A kind of near-infrared luminous anti-reflection laminated film and its production and application

Technical field

The present invention relates to a kind of near-infrared luminous anti-reflection laminated film and preparation method thereof, specifically, relate to a kind of light transmission rate that can increase glass and UV-light can be converted to inorganic material film of near infrared light and its production and application again.

Background technology

Almost the commodity solar cell more than 90% is a crystal-silicon solar cell at present, and business-like battery component efficient is 15%～17%.Although solar energy power generating is the generation technology of a cleanliness without any pollution, can't be its higher production cost and lower photoelectric transformation efficiency with the major cause of civil power competition in a short time.The efficiency of solar cell theoretical upper limit of silicon materials preparation is about 30%, the efficiency of solar cell and the theoretical limit of existing state of the art preparation are approaching, the space of further improving efficiency of solar cell is little, and it is very high to raise the efficiency required cost in the battery process preparation.If but can improve the light utilization efficiency of solar cell and assembly, then can under low cost, improve the generated energy of solar module.Optical conversion film and anti-reflection film are exactly two kinds of effectively low-cost methods that improve light utilization efficiency.

Light-converting material can with the non-absorbent UV-light of silion cell or assimilated efficiency not high shortwave light be converted to the near infrared light that wide with its forbidden band (1.1 eV) conforms to, thereby improve the efficient of silion cell greatly.Have report to show, by the light conversion that the near infrared light transition material carries out, the theoretical upper limit of solar battery efficiency can bring up to 38.6% from 30%.Though in recent years, a large amount of researchs about the near infrared light transition material are arranged, all only be confined to powder body material, the report of mould material is seldom arranged.On the other hand, on the silicon solar cell sheet, realize the anti-reflection design of optics, can improve the absorption of solar cell light.Report as plating the existing lot of documents of anti-reflection film with titanium dioxide, silicon nitride, magnesium fluoride, silicon-dioxide, tantalum pentoxide etc. at solar battery surface, and use titanium dioxide, silicon nitride prepares anti-reflection film and has realized industrial applications.But above-mentioned materials is particularly used the anti-reflection film of prepared by physical method, and the specific refractory power that can't change film according to actual needs to be reaching best antireflective effect, and prepares nanoporous SiO with chemical process ₂Film can be by regulating nanoaperture, obtaining suitable specific refractory power, thereby obtains best antireflective effect.The packaged glass cover plate of solar module upper surface adopts the ultra-clear glasses of low iron tempering usually, (generally about 90%, the light utilization of 8 % that still have an appointment～9 % improves the space to 400～1100nm) transmitances in the wavelength region of crystal-silicon solar cell spectral response.And the document of the anti-reflection optical design of research is less on the solar module ultra-clear glasses.Therefore, this paper is intended to study preparation near infrared light conversion film and nanoporous SiO on the solar module ultra-clear glasses ₂The technology of anti-reflection laminated film with the utilization ratio of further raising light, thereby realizes improving the generated energy of solar module with low cost, optical design simple to operate.

Summary of the invention

The objective of the invention is for a kind of near-infrared luminous anti-reflection laminated film is provided, this laminated film safety non-toxic, chemical property be stable, easily prolonged preservation, have the inorganic materials of fine smooth conversion performance and anti-reflection performance.

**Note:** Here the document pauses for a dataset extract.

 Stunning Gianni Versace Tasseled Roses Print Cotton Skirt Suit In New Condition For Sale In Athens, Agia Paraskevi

Another purpose of the present invention is the preparation method that a kind of technology is simple, with low cost in order to provide, energy-conserving and environment-protective reach the above-mentioned laminated film that is fit to suitability for industrialized production.

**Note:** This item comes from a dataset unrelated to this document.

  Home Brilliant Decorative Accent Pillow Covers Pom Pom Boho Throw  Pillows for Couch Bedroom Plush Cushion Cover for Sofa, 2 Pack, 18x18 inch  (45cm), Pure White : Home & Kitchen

Further object of the present invention is for several application of above-mentioned composite film material are provided.

For solving the problems of the technologies described above, technical scheme of the present invention is as follows:

Near-infrared luminous anti-reflection laminated film provided by the invention is to be luminescent layer with the doped yttrium vanadate, a kind of near-infrared luminous anti-reflection laminated film of the nanometer titanium dioxide silicon fiml of stack low-refraction on the infraluminescence film.In the described laminated film, infraluminescence film thickness is 50～5000 nanometers, and the thickness of silicon dioxide film is 50～300 nanometers, and the laminated film thickness is 50～5000 nanometers.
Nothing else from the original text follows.